# All I can say is WOW.



## table1349 (Apr 11, 2016)

Innocent Photographers Detained by Angry Moms, Called 'Paedophiles'


----------



## tirediron (Apr 11, 2016)

A pity the tourists likely wouldn't be around long enough to sue those women into the stone age!


----------



## robbins.photo (Apr 11, 2016)

Actually I found this story to be a bright spot of my day.  It's nice to know that other countries like the United Kingdom have their fair share of idgits too

Sent from my N9518 using Tapatalk


----------



## limr (Apr 11, 2016)

Seriously, that right there is a defamation suit.


----------



## table1349 (Apr 11, 2016)

Especially in the UK if I understand their laws correctly.


----------



## gsgary (Apr 11, 2016)

gryphonslair99 said:


> Especially in the UK if I understand their laws correctly.


We don't suit here like in the US

Sent from my SM-G903F using Tapatalk


----------



## table1349 (Apr 11, 2016)

From my understanding, and it may be wrong, defamation of character is easier to pursue in court over there than it is here.


----------



## limr (Apr 11, 2016)

Interestingly, this is quite current and appropriate:
On Libel And The Law, U.S. And U.K. Go Separate Ways

They may not sue as easily in the UK as in the US for many things, but apparently, folks will go specifically to the UK to sue for defamation.

"In 2013, the U.K. responded to this outcry by changing the laws, eliminating some of the worst potential for abuses.

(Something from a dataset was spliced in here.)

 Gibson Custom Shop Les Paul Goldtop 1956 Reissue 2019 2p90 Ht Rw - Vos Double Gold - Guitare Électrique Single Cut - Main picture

Under the new rules, libel tourism is less common. It is no longer as easy for people with little U.K. presence to bring these lawsuits in British courts. The law now says someone making a libel claim must demonstrate that a defamatory statement will cause 'serious harm.'"


----------



## tirediron (Apr 11, 2016)

I would say being publicly branded a "Paedophile" on social media should fit that requirement.


----------



## runnah (Apr 11, 2016)

gsgary said:


> gryphonslair99 said:
> 
> 
> > Especially in the UK if I understand their laws correctly.
> ...



You guys are bigger fans of tweed than we are.


----------



## zombiesniper (Apr 11, 2016)

It is sad that in this everyone's a victim society that has sprung up in the last couple of decades that people seem to think that their feelings are more important that someones rights.


----------



## robbins.photo (Apr 11, 2016)

zombiesniper said:


> It is sad that in this everyone's a victim society that has sprung up in the last couple of decades that people seem to think that their feelings are more important that someones rights.


Gets even more fun when the two sides try to out-victim one another

Sent from my N9518 using Tapatalk


----------



## sashbar (Apr 11, 2016)

First, This is Essex 
Second, I honestly can not understand what on earth taking photos of children in the street has to do with paedophilia. 
Third, I actually was shooting a similar fountain in London last year and had a long conversation with the guard who tried to tell me that I was not allowed to do that. Having exhausted all my legal argument (it was a public place) I just asked him to call the police, and only then he retired. Thanks god mums paid no attention to me whatsoever. I took about 20 photos and all were cr*p.


----------



## gsgary (Apr 11, 2016)

runnah said:


> gsgary said:
> 
> 
> > gryphonslair99 said:
> ...


Like my friend said on Saturday night when he saw me in my tweed jacket good pair of jeans and Loake shoes Style never goes out of fashion 

Sent from my SM-G903F using Tapatalk


----------



## timor (Apr 12, 2016)

This is another aftereffect t of photography going digital. People are getting paranoid about being spied at every step. And not without a reason, our sens of privacy is already in the gutters, cameras are everywhere. But the funny thing is, that most people already gave up their privacy by signing up with Facebook, posting own pictures and, what worst, pictures of their friends, with their names and many privet remarks. I just feel sorry for the next generation. Things only gonna get worst.


----------



## vintagesnaps (Apr 12, 2016)

Petapixel seems to have gotten some of a story wrong - again. Well, not completely, but they seem to rewrite information apparently to get followers more than to present accurate information.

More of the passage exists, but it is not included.